▶ Brief:
Restate word for word the lines in the listing below, starting at the line containing "Sony Sony DSC-H50 SN: 593112" and ending at the line containing "食譜:日式洋蔥燒肉蓋飯", both included; leave out the rest.

▶ Available data:
——————————
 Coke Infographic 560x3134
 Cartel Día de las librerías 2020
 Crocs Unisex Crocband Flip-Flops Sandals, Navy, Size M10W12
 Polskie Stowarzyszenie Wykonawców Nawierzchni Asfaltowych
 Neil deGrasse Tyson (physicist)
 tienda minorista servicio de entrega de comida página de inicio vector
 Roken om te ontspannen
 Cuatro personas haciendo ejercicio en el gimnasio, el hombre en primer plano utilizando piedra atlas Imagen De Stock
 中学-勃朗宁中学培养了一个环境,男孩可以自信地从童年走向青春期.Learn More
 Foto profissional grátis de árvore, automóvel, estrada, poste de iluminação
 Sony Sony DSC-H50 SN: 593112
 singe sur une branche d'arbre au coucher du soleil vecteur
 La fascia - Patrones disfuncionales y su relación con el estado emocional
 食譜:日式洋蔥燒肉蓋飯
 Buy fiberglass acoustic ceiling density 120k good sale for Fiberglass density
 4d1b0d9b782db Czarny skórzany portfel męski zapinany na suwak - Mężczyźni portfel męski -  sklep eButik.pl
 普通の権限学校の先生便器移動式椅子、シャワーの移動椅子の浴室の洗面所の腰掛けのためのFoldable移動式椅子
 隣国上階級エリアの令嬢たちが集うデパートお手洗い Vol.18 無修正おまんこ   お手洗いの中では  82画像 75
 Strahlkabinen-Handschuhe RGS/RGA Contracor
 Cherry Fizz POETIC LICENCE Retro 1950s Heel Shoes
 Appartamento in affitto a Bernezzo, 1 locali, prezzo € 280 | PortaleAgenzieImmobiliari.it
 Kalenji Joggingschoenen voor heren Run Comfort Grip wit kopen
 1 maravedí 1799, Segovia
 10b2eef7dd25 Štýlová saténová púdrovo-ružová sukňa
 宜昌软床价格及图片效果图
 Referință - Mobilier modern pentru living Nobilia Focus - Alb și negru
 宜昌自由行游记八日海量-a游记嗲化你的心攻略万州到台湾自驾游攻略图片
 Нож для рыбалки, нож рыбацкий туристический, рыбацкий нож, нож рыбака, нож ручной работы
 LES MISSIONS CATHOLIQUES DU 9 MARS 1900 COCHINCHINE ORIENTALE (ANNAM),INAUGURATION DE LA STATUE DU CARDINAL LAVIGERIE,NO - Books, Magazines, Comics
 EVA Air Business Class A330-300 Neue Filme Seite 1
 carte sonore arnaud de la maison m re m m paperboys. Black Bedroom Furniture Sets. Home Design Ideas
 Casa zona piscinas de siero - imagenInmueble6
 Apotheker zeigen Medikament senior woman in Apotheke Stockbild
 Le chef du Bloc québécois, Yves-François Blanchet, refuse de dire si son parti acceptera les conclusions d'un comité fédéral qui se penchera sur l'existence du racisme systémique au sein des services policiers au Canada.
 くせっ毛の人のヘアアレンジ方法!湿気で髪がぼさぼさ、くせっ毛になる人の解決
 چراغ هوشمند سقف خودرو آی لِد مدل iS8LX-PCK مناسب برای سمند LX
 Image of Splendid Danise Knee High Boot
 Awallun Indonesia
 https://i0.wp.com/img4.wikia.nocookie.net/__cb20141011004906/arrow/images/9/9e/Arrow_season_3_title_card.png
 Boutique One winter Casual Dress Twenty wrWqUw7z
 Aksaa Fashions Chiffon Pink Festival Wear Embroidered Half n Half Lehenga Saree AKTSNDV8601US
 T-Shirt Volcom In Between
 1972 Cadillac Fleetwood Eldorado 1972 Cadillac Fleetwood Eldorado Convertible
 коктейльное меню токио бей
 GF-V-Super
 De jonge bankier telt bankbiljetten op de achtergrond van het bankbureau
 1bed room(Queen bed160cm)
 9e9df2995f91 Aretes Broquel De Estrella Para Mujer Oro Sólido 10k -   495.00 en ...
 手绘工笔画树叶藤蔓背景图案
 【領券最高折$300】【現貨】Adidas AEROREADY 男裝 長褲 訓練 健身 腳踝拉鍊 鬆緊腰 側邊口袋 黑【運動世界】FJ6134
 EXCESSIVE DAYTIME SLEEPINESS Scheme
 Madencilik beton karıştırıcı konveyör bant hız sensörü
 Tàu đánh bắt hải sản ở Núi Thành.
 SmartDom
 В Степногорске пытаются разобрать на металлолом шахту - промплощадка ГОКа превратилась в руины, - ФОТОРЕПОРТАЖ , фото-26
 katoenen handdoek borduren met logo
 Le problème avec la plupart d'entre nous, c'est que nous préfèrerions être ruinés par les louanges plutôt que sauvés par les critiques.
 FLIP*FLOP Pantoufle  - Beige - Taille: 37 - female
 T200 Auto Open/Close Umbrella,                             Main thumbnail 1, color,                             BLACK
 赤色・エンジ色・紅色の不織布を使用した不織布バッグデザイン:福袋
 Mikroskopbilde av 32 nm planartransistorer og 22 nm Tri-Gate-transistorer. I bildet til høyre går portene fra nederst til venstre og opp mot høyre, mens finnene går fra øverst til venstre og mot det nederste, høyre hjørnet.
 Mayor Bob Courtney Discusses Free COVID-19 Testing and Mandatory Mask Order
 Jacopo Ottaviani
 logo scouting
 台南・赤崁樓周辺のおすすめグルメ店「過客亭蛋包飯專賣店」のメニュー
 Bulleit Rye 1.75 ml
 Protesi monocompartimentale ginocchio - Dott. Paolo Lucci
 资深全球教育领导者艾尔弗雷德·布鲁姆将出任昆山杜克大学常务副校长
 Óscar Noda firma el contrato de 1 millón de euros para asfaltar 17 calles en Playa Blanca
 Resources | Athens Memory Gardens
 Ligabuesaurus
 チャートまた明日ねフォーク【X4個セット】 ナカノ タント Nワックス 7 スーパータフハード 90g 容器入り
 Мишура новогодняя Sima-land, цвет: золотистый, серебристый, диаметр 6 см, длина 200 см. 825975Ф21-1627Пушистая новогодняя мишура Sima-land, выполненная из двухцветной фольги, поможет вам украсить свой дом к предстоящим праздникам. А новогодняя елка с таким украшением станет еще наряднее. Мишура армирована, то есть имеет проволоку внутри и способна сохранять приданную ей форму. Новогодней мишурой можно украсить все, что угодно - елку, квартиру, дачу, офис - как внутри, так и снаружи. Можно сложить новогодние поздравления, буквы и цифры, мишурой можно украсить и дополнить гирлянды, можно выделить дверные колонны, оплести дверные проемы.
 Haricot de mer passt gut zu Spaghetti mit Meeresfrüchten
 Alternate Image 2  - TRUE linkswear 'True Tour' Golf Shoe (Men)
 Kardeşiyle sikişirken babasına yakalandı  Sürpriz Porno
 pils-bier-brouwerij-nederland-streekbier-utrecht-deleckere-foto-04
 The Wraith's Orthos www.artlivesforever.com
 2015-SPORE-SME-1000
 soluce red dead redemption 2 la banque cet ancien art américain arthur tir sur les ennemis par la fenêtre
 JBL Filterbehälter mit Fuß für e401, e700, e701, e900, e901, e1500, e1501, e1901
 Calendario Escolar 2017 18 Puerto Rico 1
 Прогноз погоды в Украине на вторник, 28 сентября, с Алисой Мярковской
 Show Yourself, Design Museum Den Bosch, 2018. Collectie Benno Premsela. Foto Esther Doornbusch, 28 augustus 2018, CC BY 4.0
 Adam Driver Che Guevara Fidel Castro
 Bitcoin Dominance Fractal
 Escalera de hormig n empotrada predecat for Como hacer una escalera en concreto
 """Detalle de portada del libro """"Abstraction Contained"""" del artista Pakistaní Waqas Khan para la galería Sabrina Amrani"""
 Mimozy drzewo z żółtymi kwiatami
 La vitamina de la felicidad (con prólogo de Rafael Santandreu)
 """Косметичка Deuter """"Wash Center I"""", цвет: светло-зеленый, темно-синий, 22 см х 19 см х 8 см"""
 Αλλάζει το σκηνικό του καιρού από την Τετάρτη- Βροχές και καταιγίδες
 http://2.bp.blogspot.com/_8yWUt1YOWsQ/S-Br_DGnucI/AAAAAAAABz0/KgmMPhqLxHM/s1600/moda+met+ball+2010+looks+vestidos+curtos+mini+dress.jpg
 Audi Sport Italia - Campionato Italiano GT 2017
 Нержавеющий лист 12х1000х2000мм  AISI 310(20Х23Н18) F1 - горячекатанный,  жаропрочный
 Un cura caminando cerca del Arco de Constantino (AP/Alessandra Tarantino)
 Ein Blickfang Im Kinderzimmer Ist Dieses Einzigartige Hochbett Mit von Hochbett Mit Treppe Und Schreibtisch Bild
——————————
▶ Final answer:
 Sony Sony DSC-H50 SN: 593112
 singe sur une branche d'arbre au coucher du soleil vecteur
 La fascia - Patrones disfuncionales y su relación con el estado emocional
 食譜:日式洋蔥燒肉蓋飯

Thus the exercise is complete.